● **What is required**:
All of the data should be given again word for word, though the images are to be left out.

● **Recorded data**:

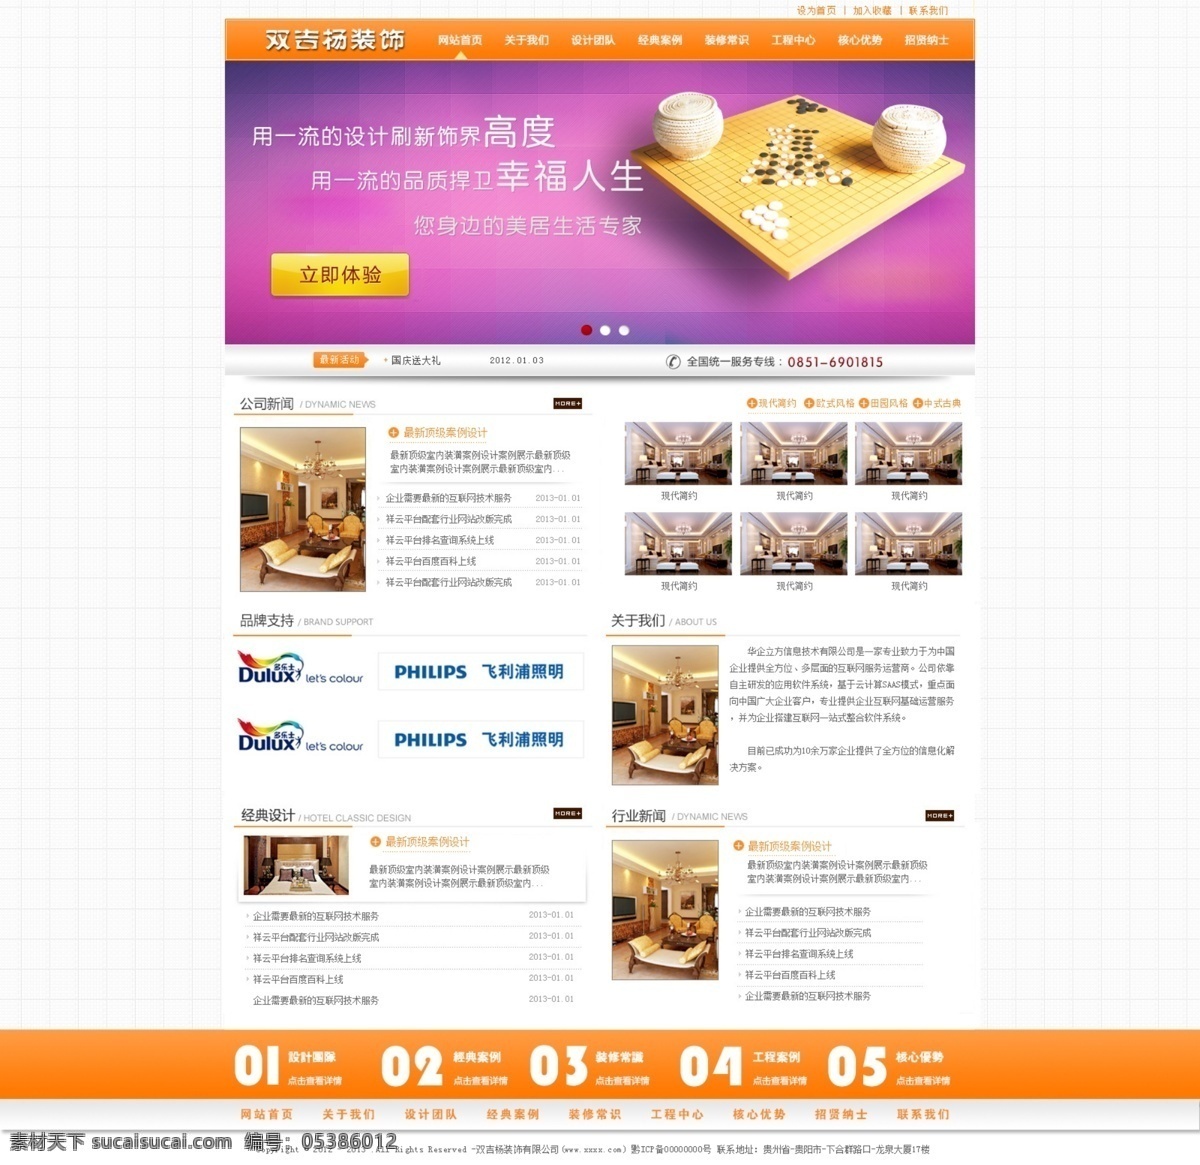 产品 企业网站 网页模板 新闻 源文件 整洁 中文模板 装修 白色 视觉 模板下载 网页素材
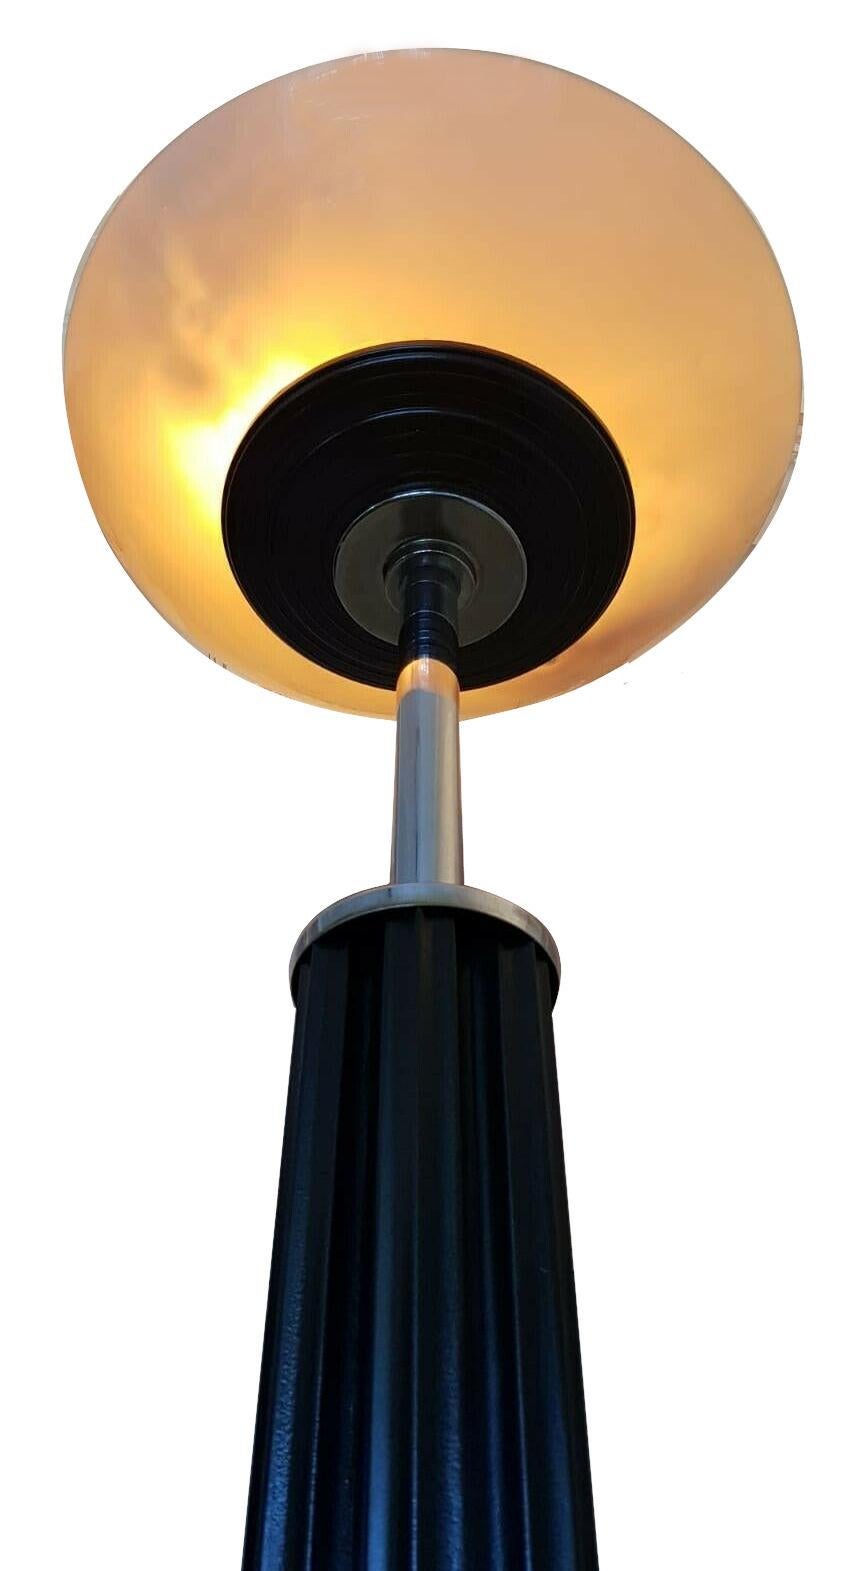 English Art Deco Bakelite & Chrome Uplighter Floor Lamp, 1930s
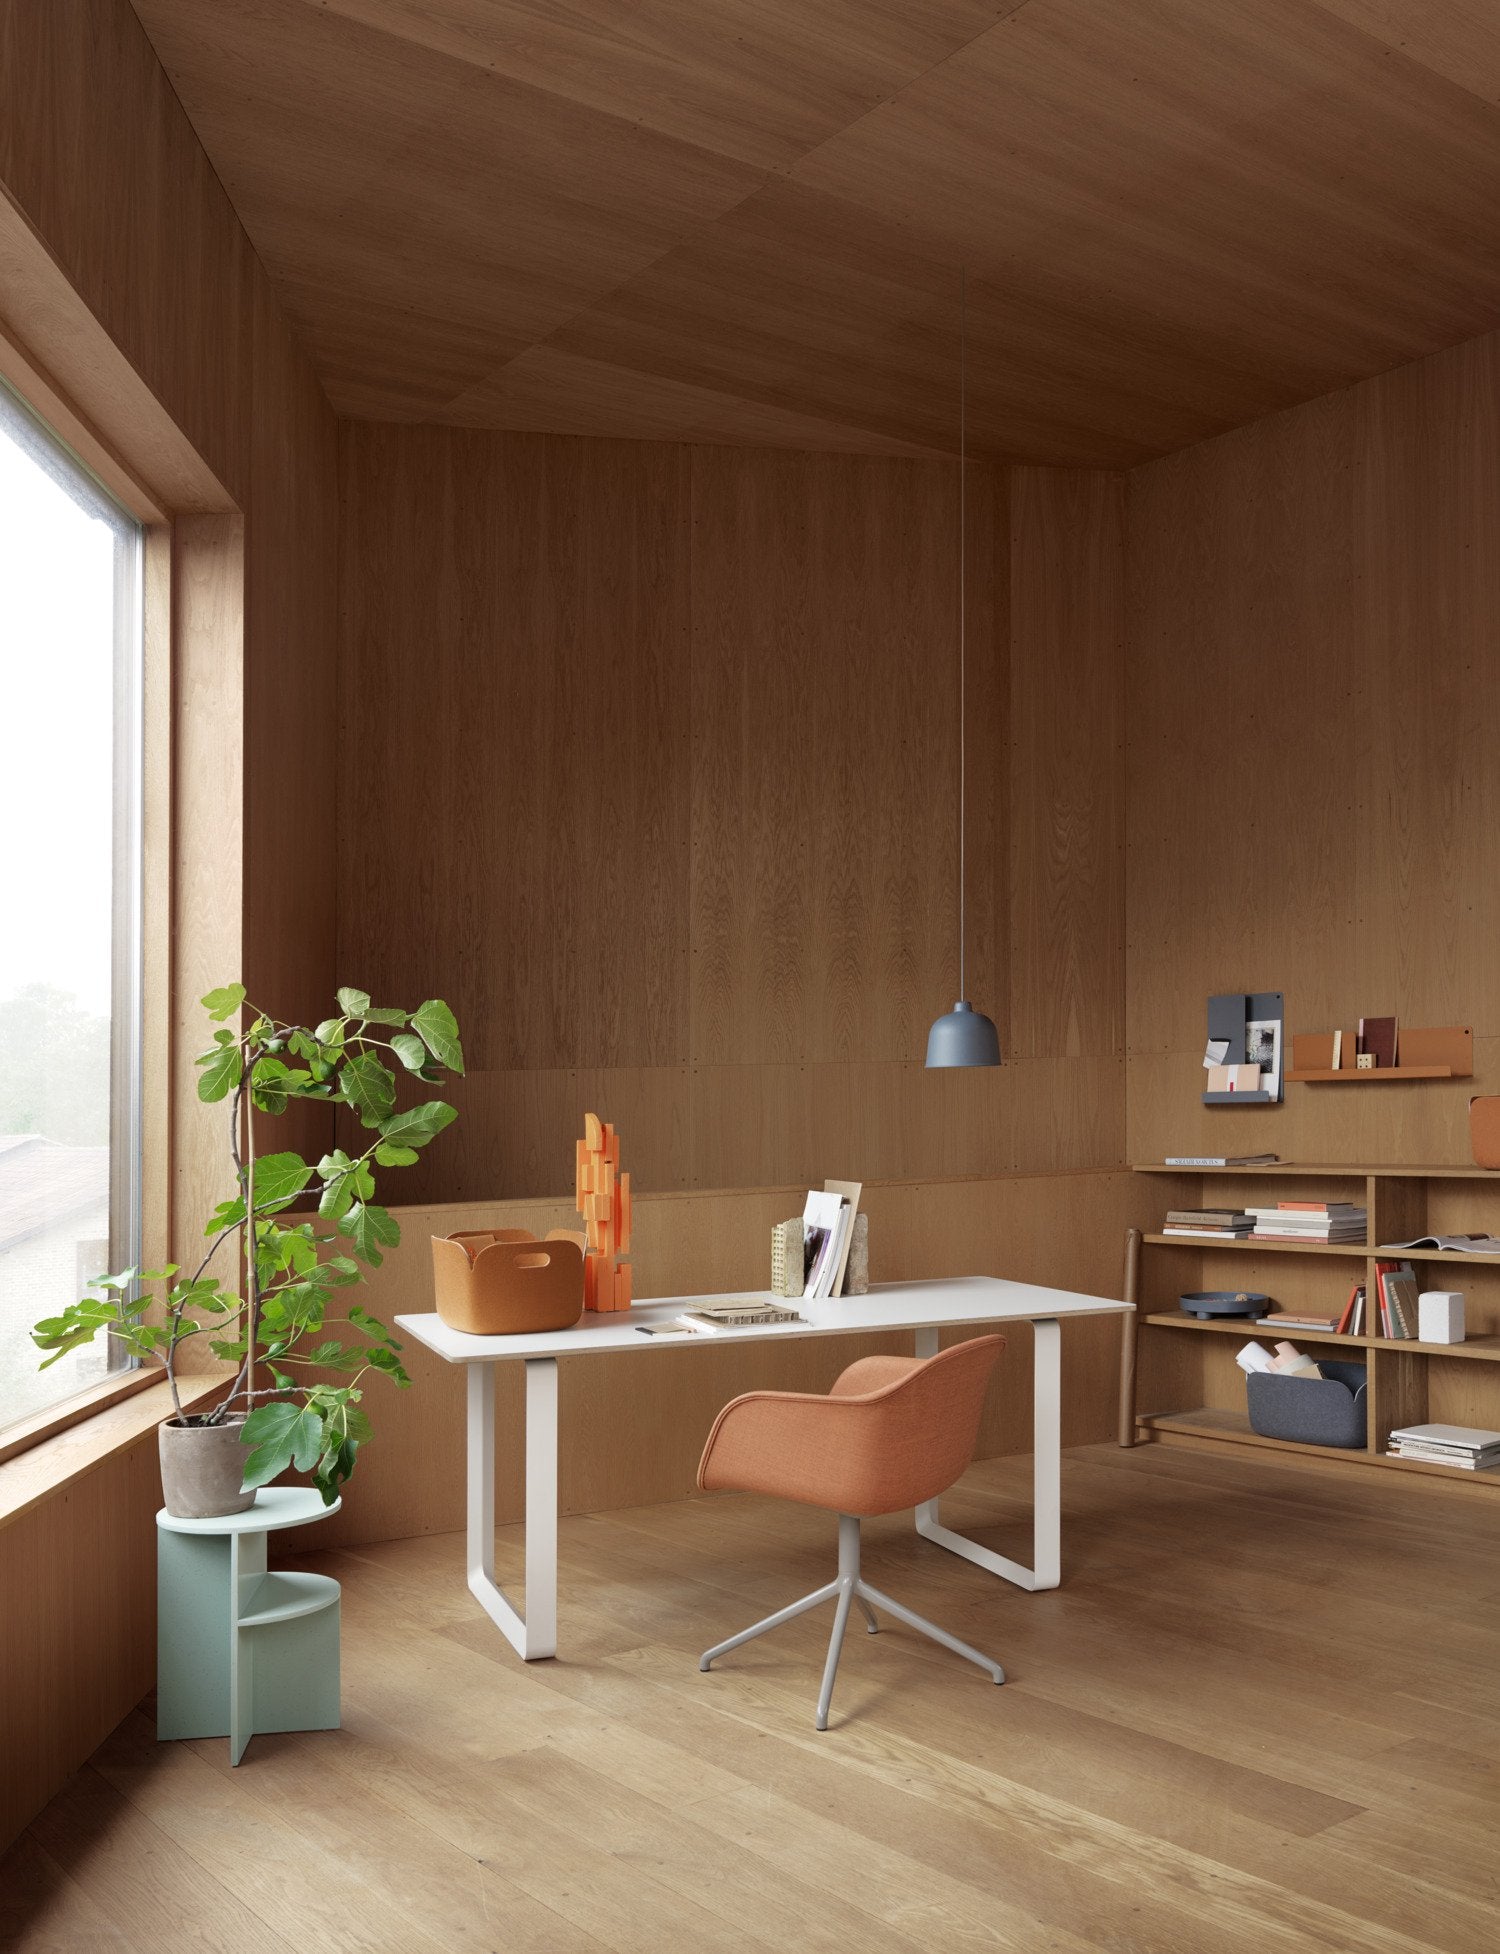 70/70 Tisch 295 cm in Weiss präsentiert im Onlineshop von KAQTU Design AG. Esstisch ist von Muuto

● **Completed task**:
 产品 企业网站 网页模板 新闻 源文件 整洁 中文模板 装修 白色 视觉 模板下载 网页素材
 English Art Deco Bakelite & Chrome Uplighter Floor Lamp, 1930s
 70/70 Tisch 295 cm in Weiss präsentiert im Onlineshop von KAQTU Design AG. Esstisch ist von Muuto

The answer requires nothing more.